ColumnTransformer() changes the names of the variables in the output. The transformed variables show the prefix imputer and the unchanged variables show the prefix remainder.

With fit(), SimpleImputer() learned the variables’ most frequent categories and stored them in its statistics_ attribute. With transform(), it replaced the missing data with the learned parameters.

SimpleImputer() and ColumnTransformer() return NumPy arrays by default. We can change this behavior with the set_output() parameter.

To replace missing values with feature-engine, we used the CategoricalImputer() with imputation_method set to frequent. With fit(), the transformer learned and stored the most frequent categories in a dictionary in its imputer_dict_ attribute. With transform(), it replaced the missing values with the learned parameters.

Unlike SimpleImputer(), CategoricalImputer() will only impute categorical variables, unless specifically told not to do so by setting the ignore_format parameter to True. In addition, with feature-engine transformers we can restrict the transformations to a subset of variables through the transformer itself. For scikit-learn transformers, we need the additional ColumnTransformer() class to apply the transformation to a subset of the variables.

Replacing missing values with an arbitrary number

We can replace missing data with an arbitrary value. Commonly used values are 999, 9999, or -1 for positive distributions. This method is used for numerical variables. For categorical variables, the equivalent method is to replace missing data with an arbitrary string, as described in the Imputing categorical variables recipe.

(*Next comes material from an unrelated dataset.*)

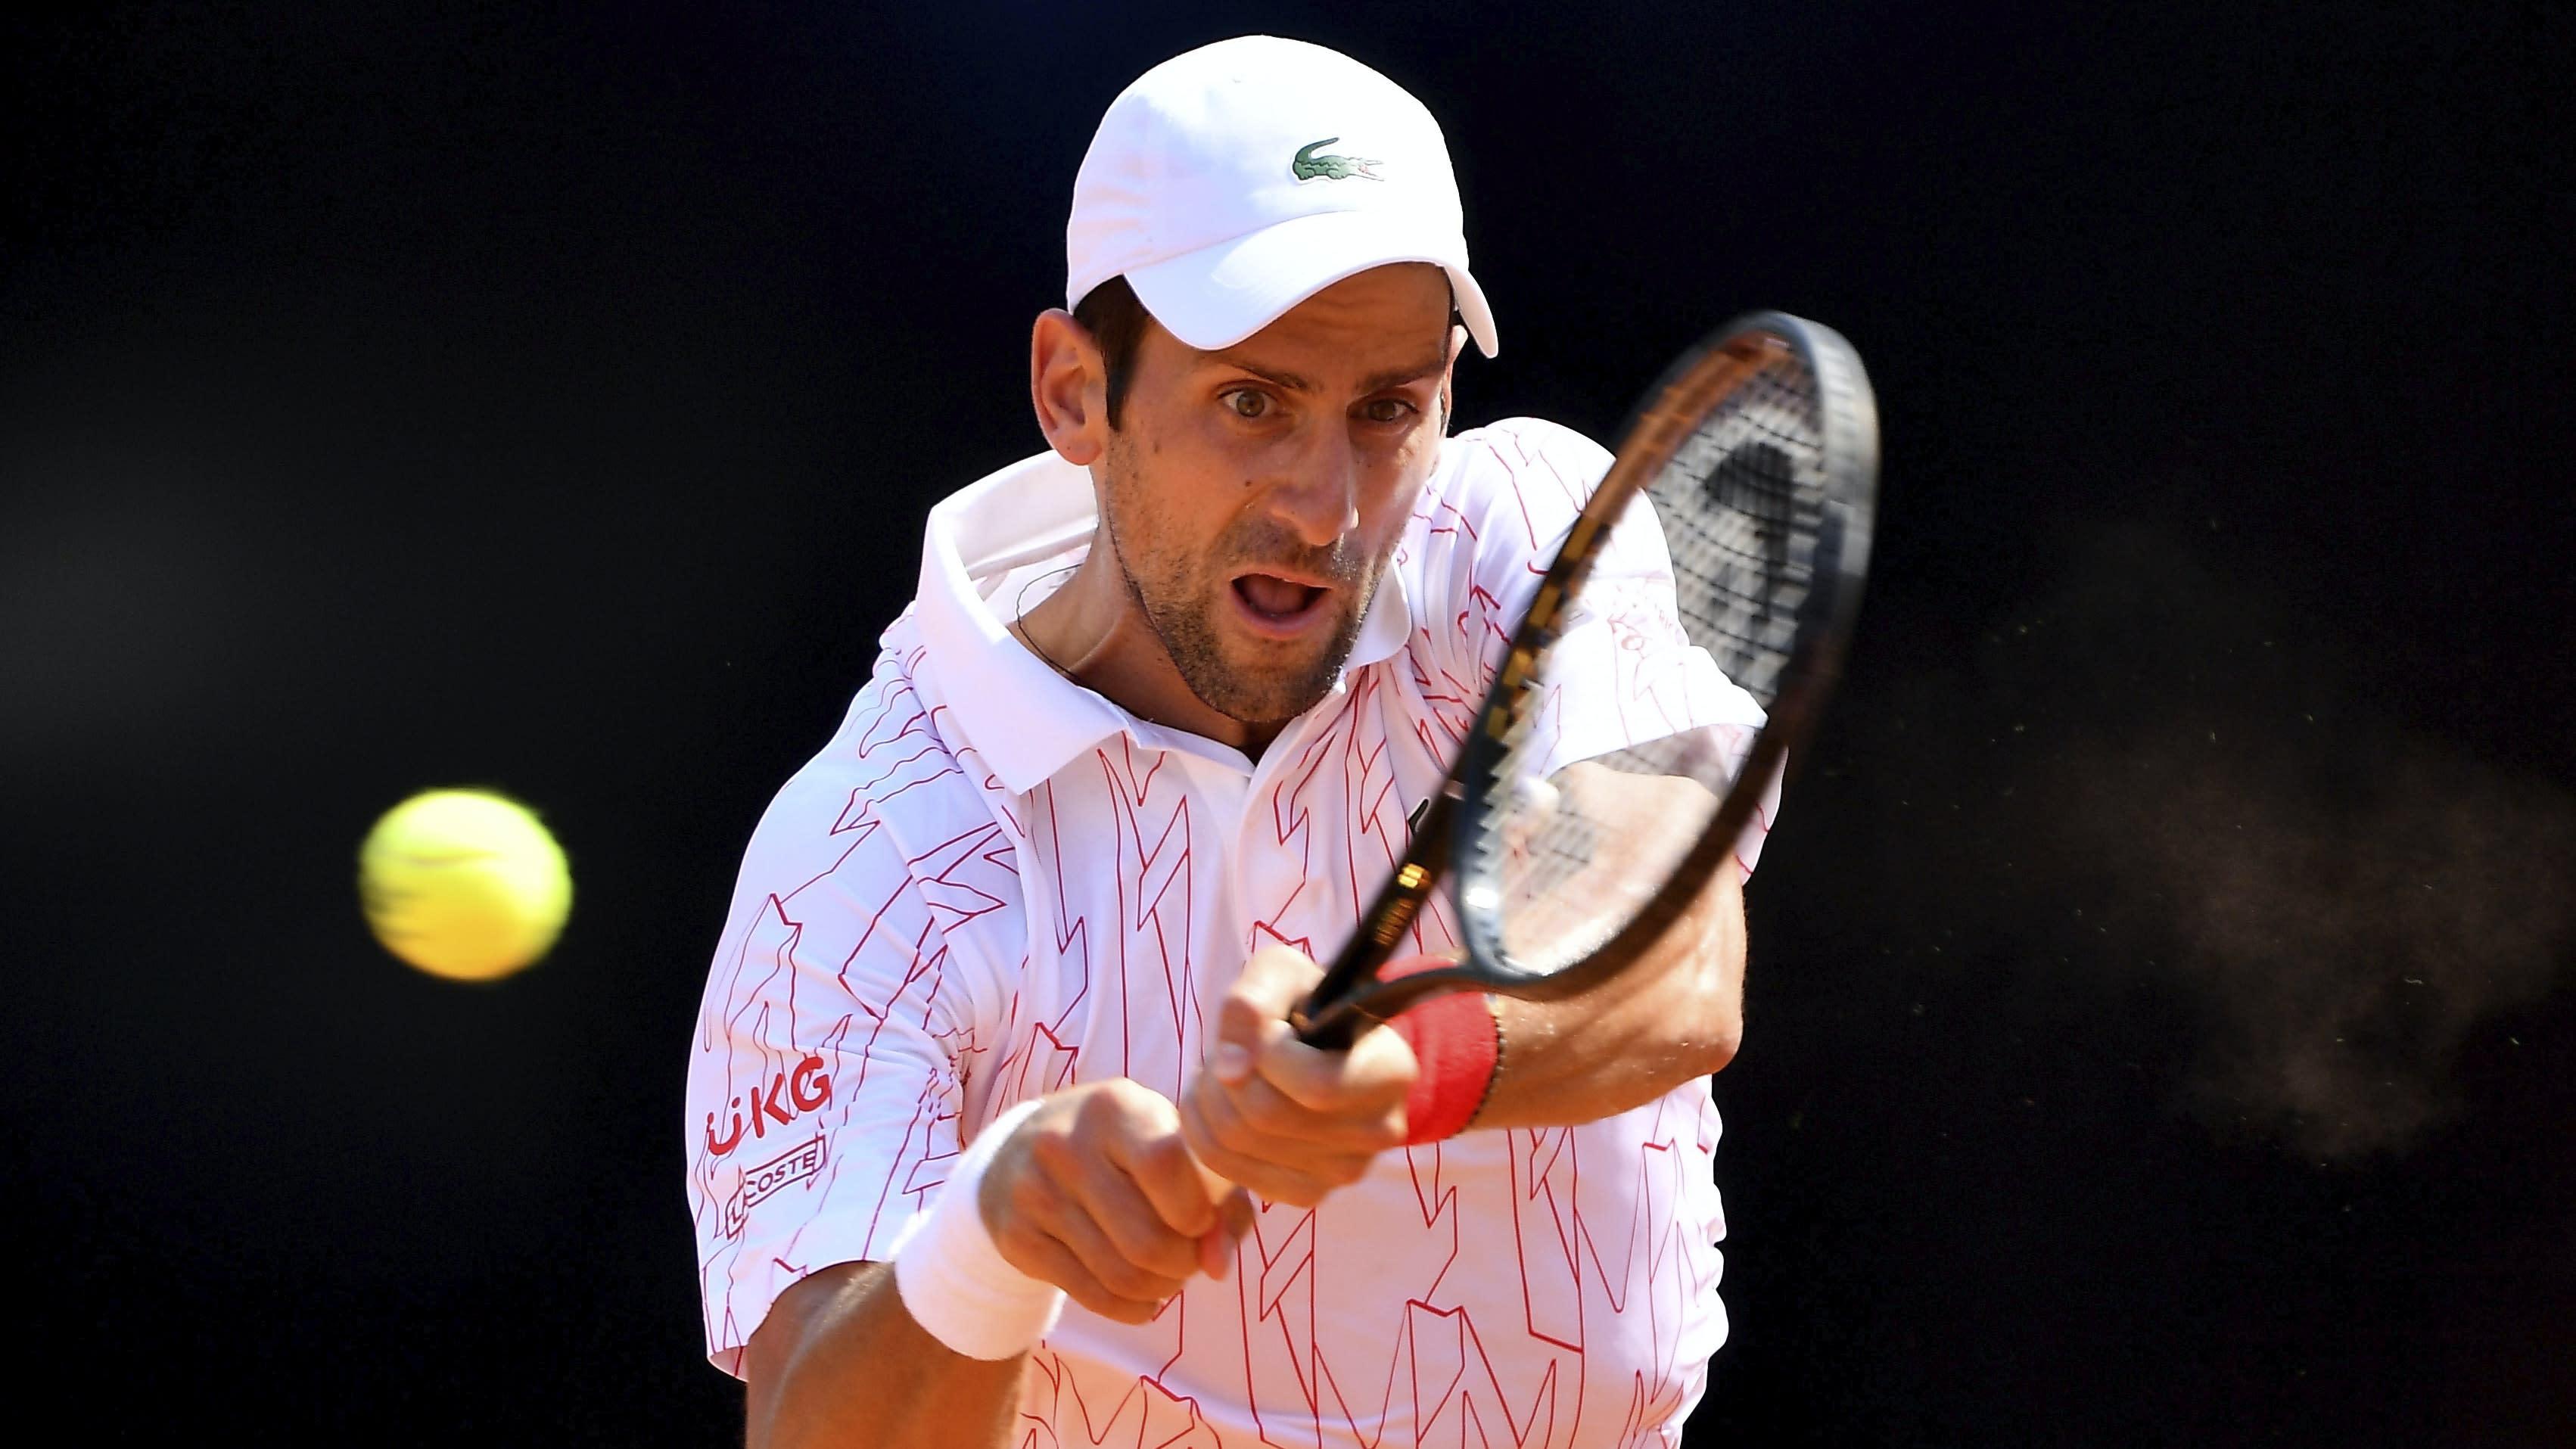 Novak Djokovic claims fifth Italian Open title with win over Diego Schwartzman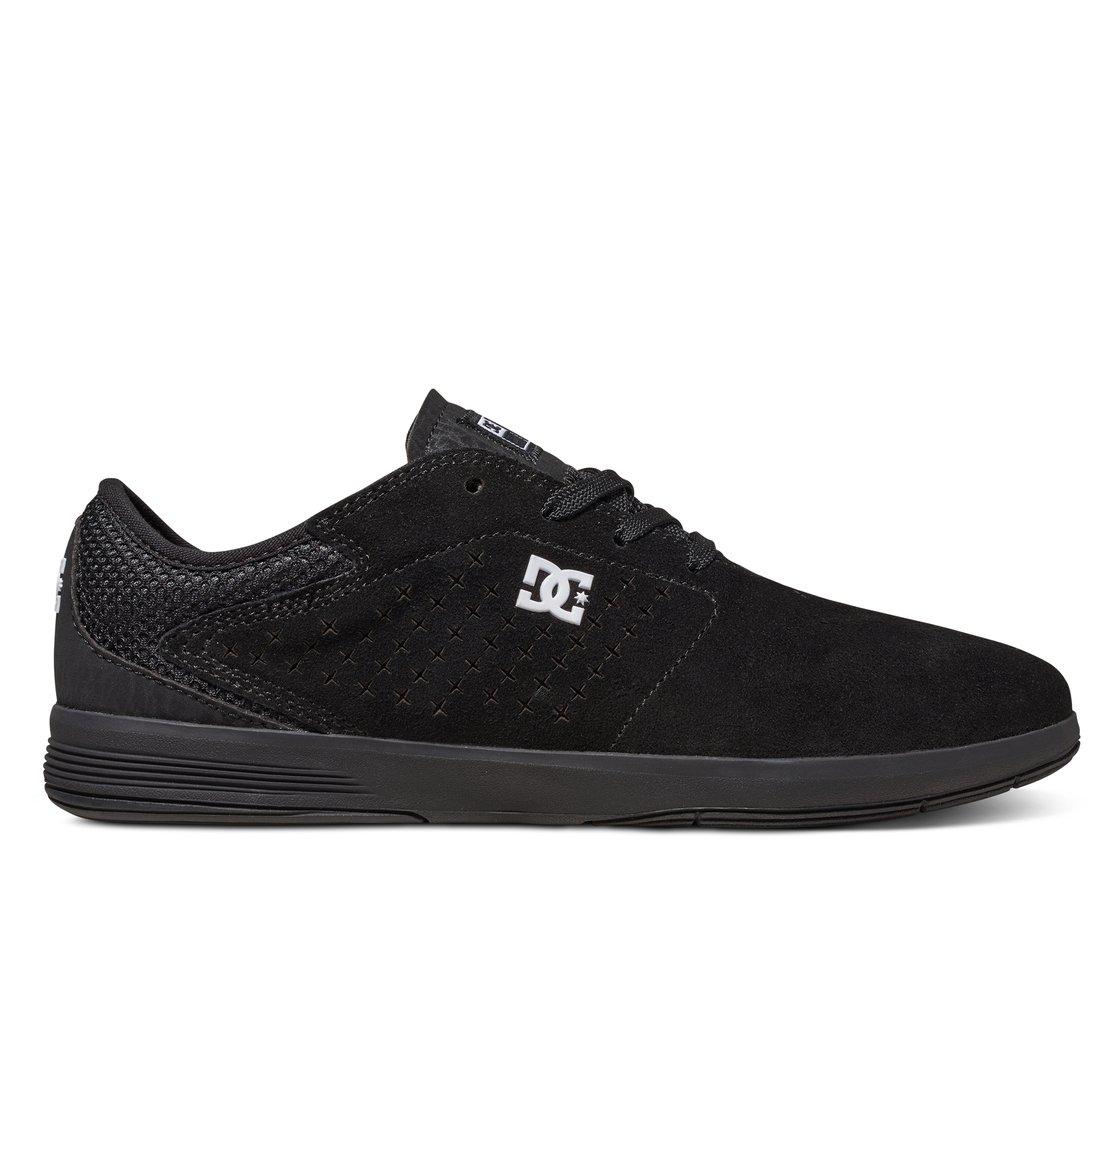 Skate shoes dc - 0 Men S New Jack S Skate Shoes Black Adys100324 Dc Shoes

When replacing missing values with arbitrary numbers, we need to be careful not to select a value close to the mean, the median, or any other common value of the distribution.

Note

We’d use arbitrary number imputation when data is not missing at random, use non-linear models, or when the percentage of missing data is high. This imputation technique distorts the original variable distribution.

In this recipe, we will impute missing data with arbitrary numbers using pandas, scikit-learn, and feature-engine.

How to do it...

Let’s begin by importing the necessary tools and loading the data:

  1. Import pandas and the required functions and classes:
    import pandas as pd
    from sklearn.model_selection import train_test_split
    from sklearn.impute import SimpleImputer
    from feature_engine.imputation import ArbitraryNumberImputer
  2. Let’s load the dataset described in the Technical requirements section:
    data = pd.read_csv("credit_approval_uci.csv")
  3. Let’s separate the data into train and test sets:
    X_train, X_test, y_train, y_test = train_test_split(
        data.drop("target", axis=1),
        data["target"],
        test_size=0.3,
        random_state=0,
    )

    We will select arbitrary values greater than the maximum value of the distribution.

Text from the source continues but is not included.